Der Sommer hat Deutschland fest im Griff – und nun könnte es noch extremer werden: Am Wochenende drohen Temperaturen, die sämtliche bisherigen Hitzerekorde übertreffen könnten. Meteorologen halten örtlich sogar Werte von bis zu 44 Grad für möglich. Experten schlagen Alarm und warnen eindringlich vor den gesundheitlichen Gefahren. Fest steht zudem: Die Rekordhitze soll mit einem gewaltigen Wetterumschwung enden.
Nach einem langen und kalten Winter zeigt sich der Sommer derzeit von seiner extremen Seite. Die Temperaturen steigen Tag für Tag weiter an. Ihren Höhepunkt soll die Hitzewelle am Wochenende erreichen. Nach Einschätzung von Meteorologen könnten dann regional sogar bis zu 44 Grad gemessen werden. Damit würde der bisherige Hitzerekord in Deutschland deutlich übertroffen.
„Bleibt zu Hause, das ist eine Notlage“
Experten warnen angesichts der prognostizierten Temperaturen vor erheblichen Risiken. „Bleibt zu Hause, das ist eine Notlage“, sagt Meteorologe Karsten Brandt in der „Bild“-Zeitung. Der Wetterexperte sieht insbesondere ältere und gesundheitlich angeschlagene Menschen in Gefahr. „Vor allem ältere und schwache Menschen sind jetzt gefährdet, könnten dehydrieren“, sagt er. Von der Politik fordert er notfalls sogar den Einsatz der Bundeswehr, um die Bevölkerung zu schützen.

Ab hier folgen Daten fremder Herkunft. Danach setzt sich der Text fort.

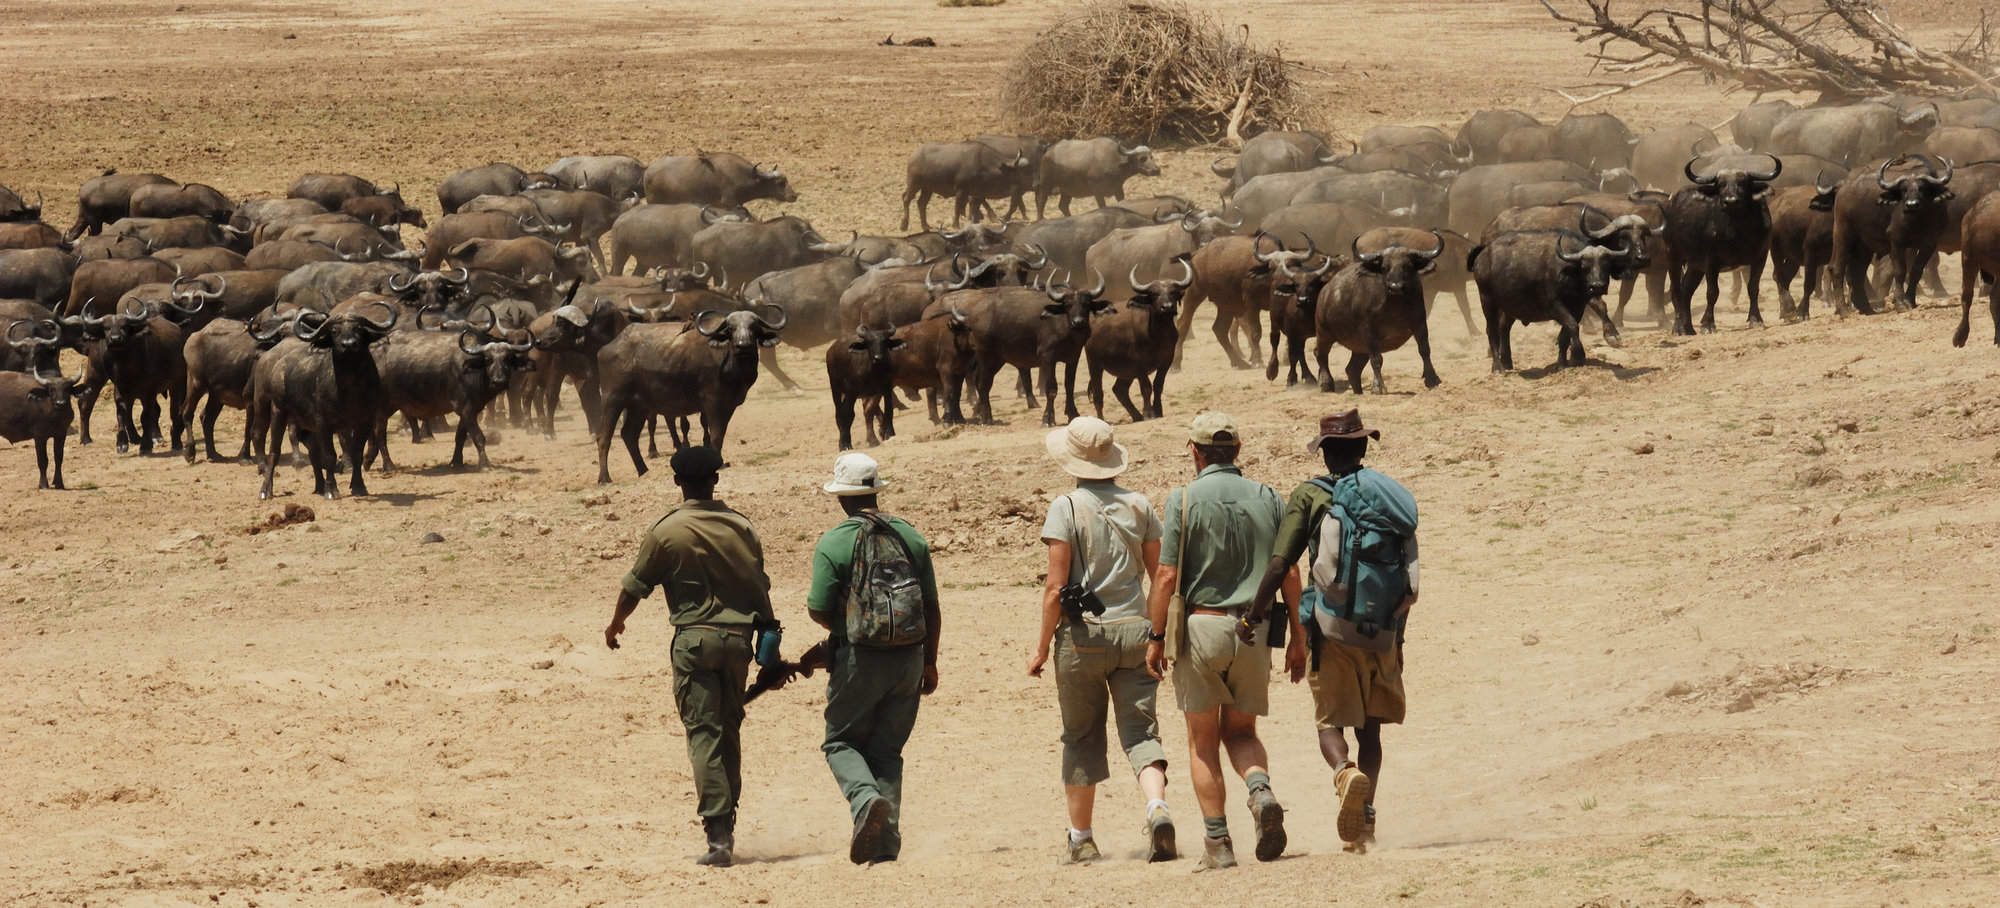 zambia walking safari

„Werte bis zu 44 Grad in Deutschland hat es noch nie gegeben“
Vor allem am Sonntag könnte es vielerorts brenzlig werden. In Berlin und Brandenburg sind laut Prognosen örtlich bis zu 44 Grad möglich. Auch in Magdeburg, Frankfurt (Oder) und im Raum Cottbus werden außergewöhnlich hohe Temperaturen nicht ausgeschlossen. Karsten Brandt sagt: „Als ich am Donnerstag die Prognose des deutschen Wettermodells ICON für den kommenden Sonntag sah, war ich sprachlos. Werte bis zu 44 Grad in Deutschland hat es noch nie gegeben.“ Der Meteorologe warnt eindringlich davor, das Haus zu verlassen: „Leute, bleibt möglichst zu Hause. Draußen ist es zu gefährlich.“
Der bisherige Hitzerekord in Deutschland liegt bei 41,2 Grad. Dieser Wert wurde im Jahr 2019 in Duisburg und Tönisvorst gemessen. Der Wetterexperte spricht von einer „thermischen Unwetterlage“. Gemeint ist damit eine flächendeckende und lang anhaltende Hitzewelle mit außergewöhnlich hohen Temperaturen. Auch das Bundesamt für Strahlenschutz warnt vor den Gefahren der intensiven Sonneneinstrahlung.
Nach der Hitzewelle drohen extreme Unwetter
Doch die Hitzewelle soll nicht ruhig ausklingen. Stattdessen droht am Sonntag eine massive Unwetterlage. Vor allem ab dem Nachmittag können heftige Gewitter mit Sturmböen, Hagel und Starkregen über Teile Deutschlands ziehen. Die Unwetter sorgen anschließend für eine spürbare Abkühlung: Am Montag werden vielerorts „nur“ noch Temperaturen um die 27 Grad erwartet.